The political context of the election strongly influenced the available options for the electoral system. There was little doubt in anyone’s mind that Yasser Arafat would be elected president, and for the presidential election a single-round FPTP system was adopted with little discussion. The assumption was borne out in practice when Arafat received over 80 per cent of the vote against one other candidate.

The choice of system for the Legislative Council elections was much less straightforward. First, agreement within the Palestinian community on accepting and participating in the Interim Agreement process was not unanimous. The emerging Palestinian Authority conducted lengthy discussions backstage with members of Hamas and other Islamic movements which included the question of their participation in elections. Second, the political party system was embryonic. Fatah had the character of a national liberation movement, a political form for which a continuing need was perceived because of the need for unity in moving into ‘final status’ negotiations with Israel (which were not successful). Some other small parties had formed, but many potential candidates were considering standing independently of Fatah. Third, there were some precedents to hand: local elections had been held in Gaza in the 1940s, using Egyptian procedures, and in West Bank cities and towns in the 1970s, using Jordanian procedures inherited from traditions under the British Mandate. There was pressure in particular to follow Jordanian practice.

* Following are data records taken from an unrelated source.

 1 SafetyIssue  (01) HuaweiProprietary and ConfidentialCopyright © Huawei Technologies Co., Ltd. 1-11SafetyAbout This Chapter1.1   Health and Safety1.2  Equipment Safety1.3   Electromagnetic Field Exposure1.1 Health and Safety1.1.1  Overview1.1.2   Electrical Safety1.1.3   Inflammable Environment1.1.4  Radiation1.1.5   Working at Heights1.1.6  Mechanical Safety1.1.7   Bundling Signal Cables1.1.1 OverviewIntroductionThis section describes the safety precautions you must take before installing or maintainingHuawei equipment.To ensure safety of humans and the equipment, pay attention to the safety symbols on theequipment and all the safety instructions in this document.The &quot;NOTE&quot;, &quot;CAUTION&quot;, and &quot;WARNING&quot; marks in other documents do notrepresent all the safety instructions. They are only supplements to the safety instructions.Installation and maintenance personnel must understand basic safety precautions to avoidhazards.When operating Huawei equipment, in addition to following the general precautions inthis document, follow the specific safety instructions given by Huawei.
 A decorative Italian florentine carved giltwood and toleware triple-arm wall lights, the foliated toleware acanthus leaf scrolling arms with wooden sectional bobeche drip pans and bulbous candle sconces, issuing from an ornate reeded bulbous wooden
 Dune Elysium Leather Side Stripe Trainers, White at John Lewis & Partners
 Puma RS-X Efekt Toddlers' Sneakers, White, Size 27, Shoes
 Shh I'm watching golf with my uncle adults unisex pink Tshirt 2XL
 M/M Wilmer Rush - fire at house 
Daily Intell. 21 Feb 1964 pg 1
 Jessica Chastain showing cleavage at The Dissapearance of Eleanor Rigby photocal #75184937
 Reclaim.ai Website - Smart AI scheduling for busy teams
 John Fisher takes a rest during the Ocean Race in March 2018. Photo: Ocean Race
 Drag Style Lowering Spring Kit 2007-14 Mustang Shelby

The choice of a candidate-based electoral system therefore emerged in response to three pressures: the wish to provide a channel for informal candidacies of persons linked to movements which formally rejected the process; the desire of a number of prominent figures to stand as independents; and the recollection of historic elections. The importance placed on simplicity, transparency, speed of counting and confidence in the results also led to a decision in favour of counting at the polling station, thus eliminating preferential systems such as the Alternative Vote (AV) or the Single Transferable Vote (STV) as options. The perception of where natural boundaries existed on the ground thus led to the choice of the Block Vote (BV), with districts which varied in magnitude from 12 in Gaza City down to one in the small towns of Jericho, Salfit and Tubas.

A further discussion centred on the representation of minorities, in particular the Christian community (which accounted for some 10 per cent of the electorate) and the Samaritans (a concentrated community of a few hundred people near Nablus). Six reserved seats were created within the Block Vote system for Christians in the four districts with the highest concentration of Christians (two each in Bethlehem and Jerusalem, and one each in Ramallah and Gaza City) and one reserved seat was created for Samaritans in Nablus. Christian candidates had the option to declare themselves as Christian. If the Block Vote count showed that there were not sufficient declared Christian candidates among those in the top positions, the candidate with the lowest vote of those who would otherwise have been elected would be replaced by the declared Christian candidate with the next—highest vote—as indeed happened in all four districts. This meant that there were representatives on the Legislative Council elected with fewer votes than some other candidates who were not elected. While there was some debate on this, it was accepted as legitimate in the context of wide representation and in the aftermath of a successful election.

In practice, the BV electoral system achieved much of what was expected of it. Eighty-seven candidates were nominated in Gaza City, but voters coped well with a ballot paper about a metre long. While few candidates associated with those who rejected the peace process stood, at least one member was elected who might be considered as a bridge to those movements. Candidates on Fatah slates gained an advantage, but voters made clear distinctions between more and less popular individuals. Leading independent figures were elected, as were representatives from minorities. Small towns with a fiercely independent identity gained their own representative. The president and the Legislative Council took office in 1996 with a wide degree of legitimacy within the Palestinian community.